Exercise directions:
Each of the following records is to be printed verbatim.

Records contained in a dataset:
-*-*-

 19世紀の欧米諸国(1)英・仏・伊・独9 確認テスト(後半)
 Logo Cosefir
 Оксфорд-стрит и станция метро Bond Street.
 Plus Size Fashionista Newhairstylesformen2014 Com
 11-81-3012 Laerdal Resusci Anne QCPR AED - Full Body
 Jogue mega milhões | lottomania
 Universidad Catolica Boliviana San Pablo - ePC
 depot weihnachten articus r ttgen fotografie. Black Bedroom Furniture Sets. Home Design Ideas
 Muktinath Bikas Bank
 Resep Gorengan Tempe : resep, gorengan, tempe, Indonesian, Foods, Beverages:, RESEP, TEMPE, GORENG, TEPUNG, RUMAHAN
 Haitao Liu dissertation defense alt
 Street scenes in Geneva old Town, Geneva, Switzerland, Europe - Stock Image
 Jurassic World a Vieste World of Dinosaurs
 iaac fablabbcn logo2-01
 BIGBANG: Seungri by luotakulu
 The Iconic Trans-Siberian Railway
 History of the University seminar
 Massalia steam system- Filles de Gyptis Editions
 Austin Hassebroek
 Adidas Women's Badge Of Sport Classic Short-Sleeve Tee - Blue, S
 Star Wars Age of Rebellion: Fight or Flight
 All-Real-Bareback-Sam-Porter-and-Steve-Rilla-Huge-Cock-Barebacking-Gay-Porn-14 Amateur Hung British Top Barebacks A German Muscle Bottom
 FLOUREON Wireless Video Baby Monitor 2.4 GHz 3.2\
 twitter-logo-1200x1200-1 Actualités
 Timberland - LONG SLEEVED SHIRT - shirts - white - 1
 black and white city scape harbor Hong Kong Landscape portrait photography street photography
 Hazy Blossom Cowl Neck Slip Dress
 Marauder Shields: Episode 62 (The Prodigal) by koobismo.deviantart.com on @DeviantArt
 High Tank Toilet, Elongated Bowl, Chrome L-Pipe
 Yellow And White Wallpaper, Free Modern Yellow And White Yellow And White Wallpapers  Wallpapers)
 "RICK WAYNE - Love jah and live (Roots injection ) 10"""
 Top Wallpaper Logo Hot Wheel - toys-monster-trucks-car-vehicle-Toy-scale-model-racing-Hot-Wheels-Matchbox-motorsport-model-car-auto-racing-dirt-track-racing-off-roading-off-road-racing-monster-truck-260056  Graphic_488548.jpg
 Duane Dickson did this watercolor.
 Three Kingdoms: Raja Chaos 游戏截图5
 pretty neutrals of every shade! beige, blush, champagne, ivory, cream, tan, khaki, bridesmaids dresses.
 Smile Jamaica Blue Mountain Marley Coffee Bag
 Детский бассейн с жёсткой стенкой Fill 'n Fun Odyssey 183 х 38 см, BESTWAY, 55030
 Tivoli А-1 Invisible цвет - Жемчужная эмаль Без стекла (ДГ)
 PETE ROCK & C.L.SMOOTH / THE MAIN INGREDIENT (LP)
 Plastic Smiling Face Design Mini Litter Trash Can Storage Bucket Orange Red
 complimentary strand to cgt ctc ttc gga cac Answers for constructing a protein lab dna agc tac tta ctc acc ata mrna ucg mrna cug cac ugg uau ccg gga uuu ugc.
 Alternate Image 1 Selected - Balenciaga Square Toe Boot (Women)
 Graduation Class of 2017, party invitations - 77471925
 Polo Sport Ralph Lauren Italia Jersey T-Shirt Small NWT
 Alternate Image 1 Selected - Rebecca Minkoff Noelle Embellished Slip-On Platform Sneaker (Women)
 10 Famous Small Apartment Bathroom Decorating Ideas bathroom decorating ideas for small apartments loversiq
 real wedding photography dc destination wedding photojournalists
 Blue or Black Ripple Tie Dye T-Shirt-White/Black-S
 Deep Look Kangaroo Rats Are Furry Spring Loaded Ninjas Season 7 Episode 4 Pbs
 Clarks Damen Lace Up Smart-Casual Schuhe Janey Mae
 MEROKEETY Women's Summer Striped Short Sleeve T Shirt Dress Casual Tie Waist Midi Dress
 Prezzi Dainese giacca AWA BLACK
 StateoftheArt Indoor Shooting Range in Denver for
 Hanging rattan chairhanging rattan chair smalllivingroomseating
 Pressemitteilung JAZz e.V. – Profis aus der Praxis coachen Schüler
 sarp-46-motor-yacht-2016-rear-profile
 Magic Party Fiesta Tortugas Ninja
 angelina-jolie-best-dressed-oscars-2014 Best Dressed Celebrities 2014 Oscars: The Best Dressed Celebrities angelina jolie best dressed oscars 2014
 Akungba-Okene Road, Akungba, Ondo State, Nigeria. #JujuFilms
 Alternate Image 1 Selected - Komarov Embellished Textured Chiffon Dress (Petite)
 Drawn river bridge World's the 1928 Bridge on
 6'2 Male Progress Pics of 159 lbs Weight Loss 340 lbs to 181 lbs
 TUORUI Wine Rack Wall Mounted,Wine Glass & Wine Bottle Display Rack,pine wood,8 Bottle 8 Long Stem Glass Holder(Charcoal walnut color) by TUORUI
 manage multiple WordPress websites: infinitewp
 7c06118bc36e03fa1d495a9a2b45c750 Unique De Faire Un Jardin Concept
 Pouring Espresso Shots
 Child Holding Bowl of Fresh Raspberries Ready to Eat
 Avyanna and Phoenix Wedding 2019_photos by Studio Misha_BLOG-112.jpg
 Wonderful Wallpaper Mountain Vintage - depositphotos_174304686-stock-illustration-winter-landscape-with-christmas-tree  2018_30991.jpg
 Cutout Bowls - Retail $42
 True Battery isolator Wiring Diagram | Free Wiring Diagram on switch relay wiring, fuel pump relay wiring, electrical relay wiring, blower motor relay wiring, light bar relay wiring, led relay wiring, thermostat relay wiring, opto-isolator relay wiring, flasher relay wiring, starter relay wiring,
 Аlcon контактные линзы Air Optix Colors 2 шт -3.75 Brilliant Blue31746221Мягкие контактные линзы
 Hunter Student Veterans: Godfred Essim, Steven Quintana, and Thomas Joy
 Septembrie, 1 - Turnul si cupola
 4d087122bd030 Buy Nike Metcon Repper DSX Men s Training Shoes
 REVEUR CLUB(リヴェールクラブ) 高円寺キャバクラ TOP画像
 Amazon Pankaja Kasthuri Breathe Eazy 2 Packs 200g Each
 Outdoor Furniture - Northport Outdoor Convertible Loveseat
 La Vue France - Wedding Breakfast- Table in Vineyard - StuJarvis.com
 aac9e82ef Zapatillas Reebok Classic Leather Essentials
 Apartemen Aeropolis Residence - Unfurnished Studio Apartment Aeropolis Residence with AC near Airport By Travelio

-*-*-

Answer to the exercise:
 19世紀の欧米諸国(1)英・仏・伊・独9 確認テスト(後半)
 Logo Cosefir
 Оксфорд-стрит и станция метро Bond Street.
 Plus Size Fashionista Newhairstylesformen2014 Com
 11-81-3012 Laerdal Resusci Anne QCPR AED - Full Body
 Jogue mega milhões | lottomania
 Universidad Catolica Boliviana San Pablo - ePC
 depot weihnachten articus r ttgen fotografie. Black Bedroom Furniture Sets. Home Design Ideas
 Muktinath Bikas Bank
 Resep Gorengan Tempe : resep, gorengan, tempe, Indonesian, Foods, Beverages:, RESEP, TEMPE, GORENG, TEPUNG, RUMAHAN
 Haitao Liu dissertation defense alt
 Street scenes in Geneva old Town, Geneva, Switzerland, Europe - Stock Image
 Jurassic World a Vieste World of Dinosaurs
 iaac fablabbcn logo2-01
 BIGBANG: Seungri by luotakulu
 The Iconic Trans-Siberian Railway
 History of the University seminar
 Massalia steam system- Filles de Gyptis Editions
 Austin Hassebroek
 Adidas Women's Badge Of Sport Classic Short-Sleeve Tee - Blue, S
 Star Wars Age of Rebellion: Fight or Flight
 All-Real-Bareback-Sam-Porter-and-Steve-Rilla-Huge-Cock-Barebacking-Gay-Porn-14 Amateur Hung British Top Barebacks A German Muscle Bottom
 FLOUREON Wireless Video Baby Monitor 2.4 GHz 3.2\
 twitter-logo-1200x1200-1 Actualités
 Timberland - LONG SLEEVED SHIRT - shirts - white - 1
 black and white city scape harbor Hong Kong Landscape portrait photography street photography
 Hazy Blossom Cowl Neck Slip Dress
 Marauder Shields: Episode 62 (The Prodigal) by koobismo.deviantart.com on @DeviantArt
 High Tank Toilet, Elongated Bowl, Chrome L-Pipe
 Yellow And White Wallpaper, Free Modern Yellow And White Yellow And White Wallpapers  Wallpapers)
 "RICK WAYNE - Love jah and live (Roots injection ) 10"""
 Top Wallpaper Logo Hot Wheel - toys-monster-trucks-car-vehicle-Toy-scale-model-racing-Hot-Wheels-Matchbox-motorsport-model-car-auto-racing-dirt-track-racing-off-roading-off-road-racing-monster-truck-260056  Graphic_488548.jpg
 Duane Dickson did this watercolor.
 Three Kingdoms: Raja Chaos 游戏截图5
 pretty neutrals of every shade! beige, blush, champagne, ivory, cream, tan, khaki, bridesmaids dresses.
 Smile Jamaica Blue Mountain Marley Coffee Bag
 Детский бассейн с жёсткой стенкой Fill 'n Fun Odyssey 183 х 38 см, BESTWAY, 55030
 Tivoli А-1 Invisible цвет - Жемчужная эмаль Без стекла (ДГ)
 PETE ROCK & C.L.SMOOTH / THE MAIN INGREDIENT (LP)
 Plastic Smiling Face Design Mini Litter Trash Can Storage Bucket Orange Red
 complimentary strand to cgt ctc ttc gga cac Answers for constructing a protein lab dna agc tac tta ctc acc ata mrna ucg mrna cug cac ugg uau ccg gga uuu ugc.
 Alternate Image 1 Selected - Balenciaga Square Toe Boot (Women)
 Graduation Class of 2017, party invitations - 77471925
 Polo Sport Ralph Lauren Italia Jersey T-Shirt Small NWT
 Alternate Image 1 Selected - Rebecca Minkoff Noelle Embellished Slip-On Platform Sneaker (Women)
 10 Famous Small Apartment Bathroom Decorating Ideas bathroom decorating ideas for small apartments loversiq
 real wedding photography dc destination wedding photojournalists
 Blue or Black Ripple Tie Dye T-Shirt-White/Black-S
 Deep Look Kangaroo Rats Are Furry Spring Loaded Ninjas Season 7 Episode 4 Pbs
 Clarks Damen Lace Up Smart-Casual Schuhe Janey Mae
 MEROKEETY Women's Summer Striped Short Sleeve T Shirt Dress Casual Tie Waist Midi Dress
 Prezzi Dainese giacca AWA BLACK
 StateoftheArt Indoor Shooting Range in Denver for
 Hanging rattan chairhanging rattan chair smalllivingroomseating
 Pressemitteilung JAZz e.V. – Profis aus der Praxis coachen Schüler
 sarp-46-motor-yacht-2016-rear-profile
 Magic Party Fiesta Tortugas Ninja
 angelina-jolie-best-dressed-oscars-2014 Best Dressed Celebrities 2014 Oscars: The Best Dressed Celebrities angelina jolie best dressed oscars 2014
 Akungba-Okene Road, Akungba, Ondo State, Nigeria. #JujuFilms
 Alternate Image 1 Selected - Komarov Embellished Textured Chiffon Dress (Petite)
 Drawn river bridge World's the 1928 Bridge on
 6'2 Male Progress Pics of 159 lbs Weight Loss 340 lbs to 181 lbs
 TUORUI Wine Rack Wall Mounted,Wine Glass & Wine Bottle Display Rack,pine wood,8 Bottle 8 Long Stem Glass Holder(Charcoal walnut color) by TUORUI
 manage multiple WordPress websites: infinitewp
 7c06118bc36e03fa1d495a9a2b45c750 Unique De Faire Un Jardin Concept
 Pouring Espresso Shots
 Child Holding Bowl of Fresh Raspberries Ready to Eat
 Avyanna and Phoenix Wedding 2019_photos by Studio Misha_BLOG-112.jpg
 Wonderful Wallpaper Mountain Vintage - depositphotos_174304686-stock-illustration-winter-landscape-with-christmas-tree  2018_30991.jpg
 Cutout Bowls - Retail $42
 True Battery isolator Wiring Diagram | Free Wiring Diagram on switch relay wiring, fuel pump relay wiring, electrical relay wiring, blower motor relay wiring, light bar relay wiring, led relay wiring, thermostat relay wiring, opto-isolator relay wiring, flasher relay wiring, starter relay wiring,
 Аlcon контактные линзы Air Optix Colors 2 шт -3.75 Brilliant Blue31746221Мягкие контактные линзы
 Hunter Student Veterans: Godfred Essim, Steven Quintana, and Thomas Joy
 Septembrie, 1 - Turnul si cupola
 4d087122bd030 Buy Nike Metcon Repper DSX Men s Training Shoes
 REVEUR CLUB(リヴェールクラブ) 高円寺キャバクラ TOP画像
 Amazon Pankaja Kasthuri Breathe Eazy 2 Packs 200g Each
 Outdoor Furniture - Northport Outdoor Convertible Loveseat
 La Vue France - Wedding Breakfast- Table in Vineyard - StuJarvis.com
 aac9e82ef Zapatillas Reebok Classic Leather Essentials
 Apartemen Aeropolis Residence - Unfurnished Studio Apartment Aeropolis Residence with AC near Airport By Travelio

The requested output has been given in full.